Hillary Clinton Wants To Help Student Debtors By Taxing The Rich

Her plan calls for working college students to be able to pay tuition without loans.

Hillary Clinton promises to reduce the growth and burden of student debt if she is elected president by taxing high earners, she plans to announce Monday.

The Democratic presidential candidate wants state and federal governments to increase their funding for students at certain public colleges while also allowing existing borrowers to refinance their high-rate loans and enroll in plans that limit payments to 10 percent of their income. The plan, which would cost $350 billion over 10 years, needs congressional approval and support from states to be viable.

The centerpiece of Clinton's proposal, to be unveiled Monday, promises that students who commit to working at least 10 hours a week can attend college without having to take out loans for tuition. Families would still have to contribute, but less than under current guidelines. State and federal funding would make up the balance. The plan calls for the federal government to incentivize colleges to control costs and states to increase expenditures to support colleges. Students would still have to pay for their living expenses, which the College Board estimates will be about $17,410 for the typical student in the coming nine months.

Clinton also wants to eliminate tuition for community colleges.

Her plan wouldn't increase the national debt -- a concern that's less urgent when the government can borrow at current near-historically low interest rates -- because she'd limit tax deductions for high-income earners in order to pay for it.

Brent Lewis via Getty Images

Clinton's ambitious proposal to revamp the murky and expensive world of higher education attacks nearly everyone associated with it: Colleges that cheat students or fail to control costs; states that reduce funding for public colleges and force students to make up the difference and dodgy student loan companies that collect borrowers' monthly payments or attempt to recoup their defaulted debt.

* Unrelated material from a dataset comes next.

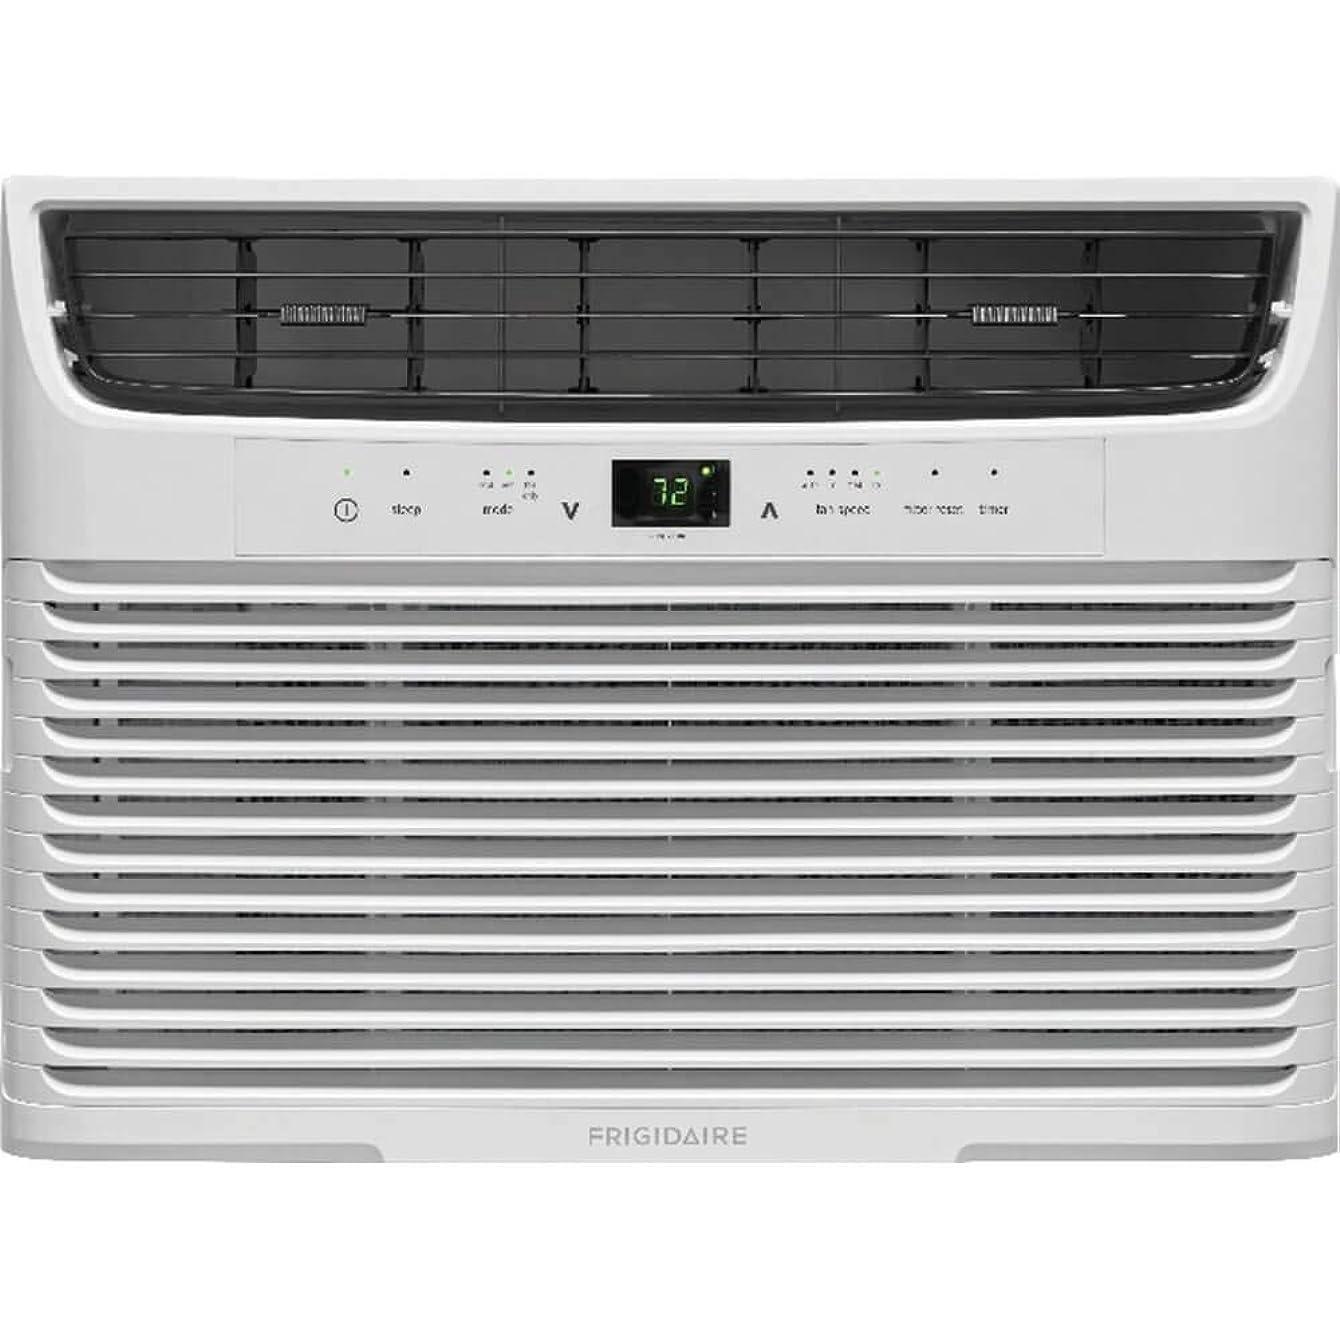 Frigidaire FFRA1222U1 Air Conditioner White

Other aspects of her plan include tightening up standards colleges must meet in order to access federal student aid, more stringent oversight of for-profit colleges, increased borrower protections and virtually eliminating the need for loan companies that collect borrowers' monthly payments and cost taxpayers up to $2 billion a year.

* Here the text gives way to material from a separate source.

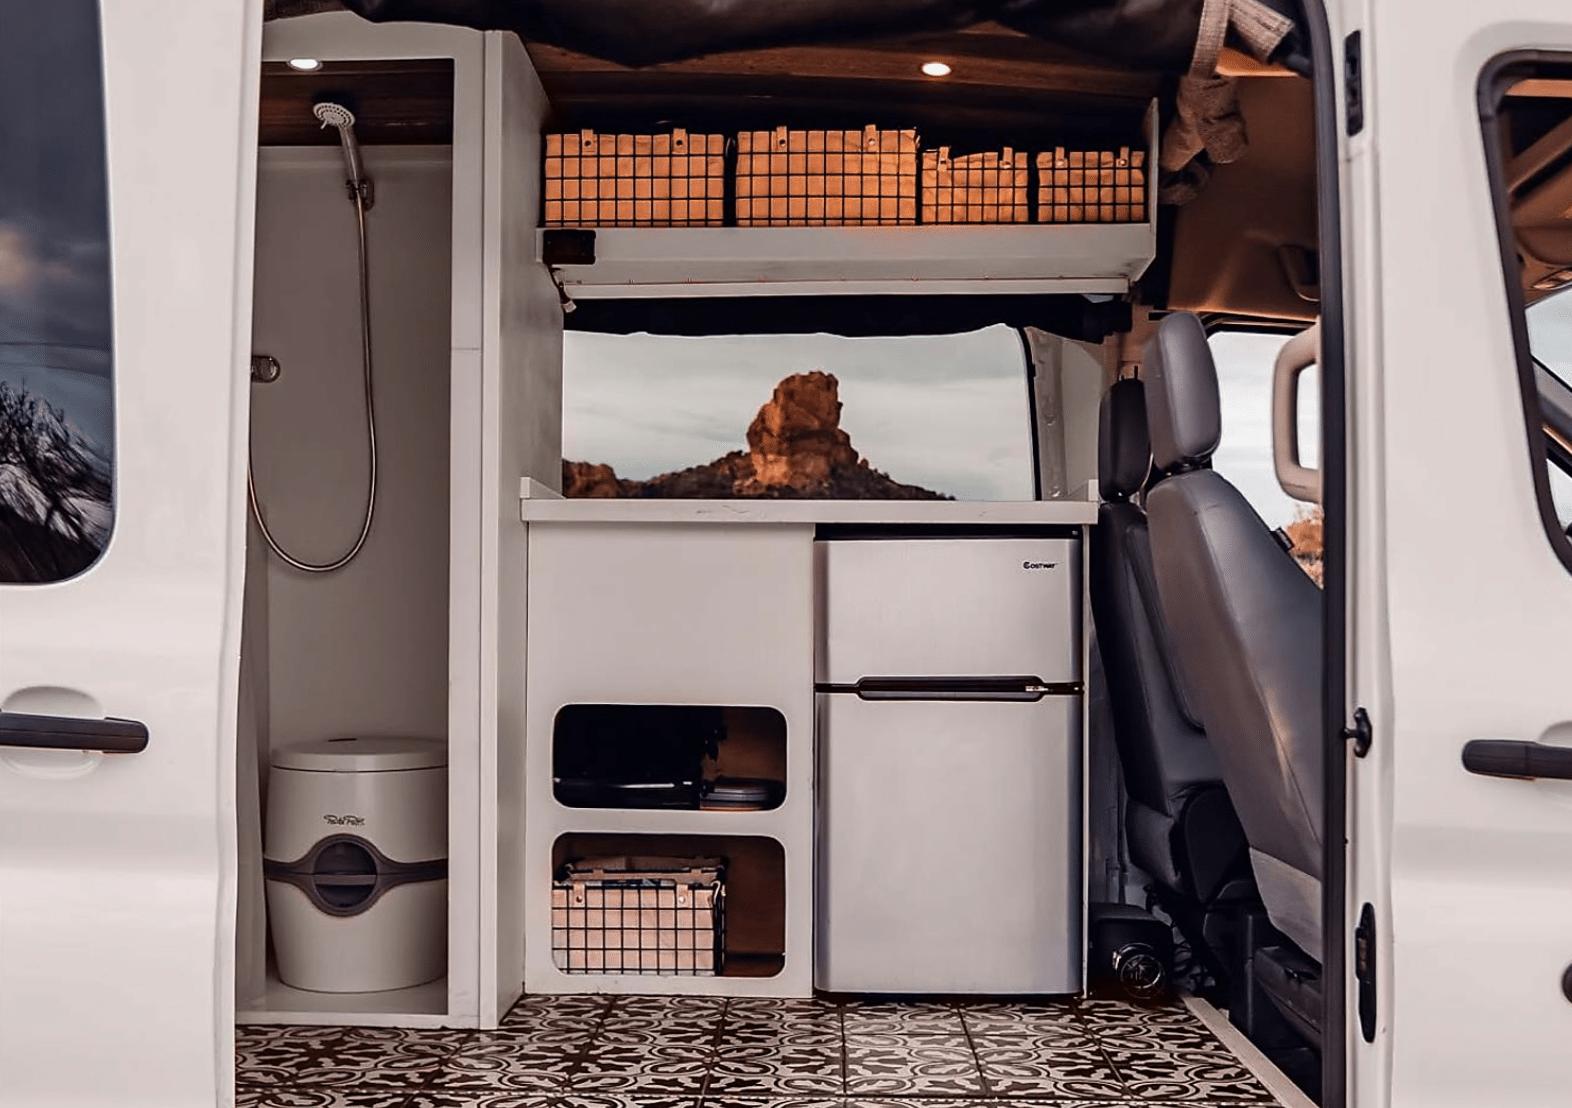 2015 Ford Transit Camper Van

Fact sheets describing Clinton's proposals contained few details.

It's a plan that borrows heavily from the Obama administration, expanding on some of Obama's efforts but also reversing some of his highly criticized practices.

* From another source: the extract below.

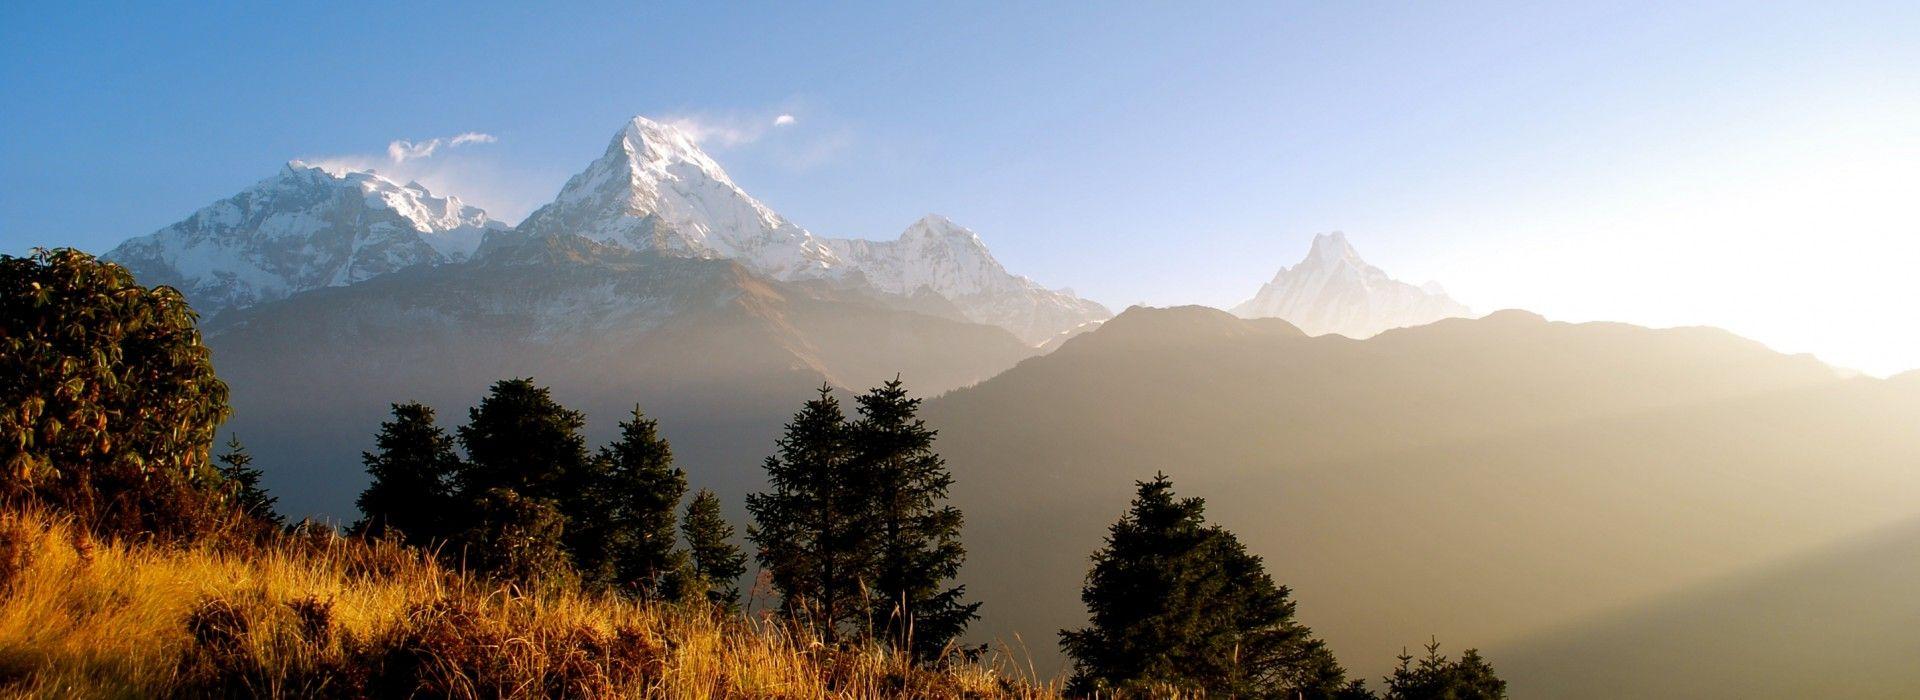 Trekking Tours in Mardi Himal Trek

For example, Obama has previously pushed states to increase their funding of public colleges, but has had little luck. Obama also has expanded plans that enable borrowers to limit their monthly payments to a portion of their earnings. Clinton's plans go further.

But unlike Obama, Clinton promises to crack down on loan contractors engaged in wrongdoing. One of her proposals would nearly get rid of them by allowing borrowers to repay their loans by deducting payments from their paychecks.

Clinton also wants to end the hefty profits the federal government generates off the student loan program. The program creates tens of billions of dollars in annual earnings thanks to the difference between the sky-high rates that borrowers pay on their loans and what the federal government pays to finance those loans. The Obama administration has been criticized for failing to rein in practices and policies that result in profits.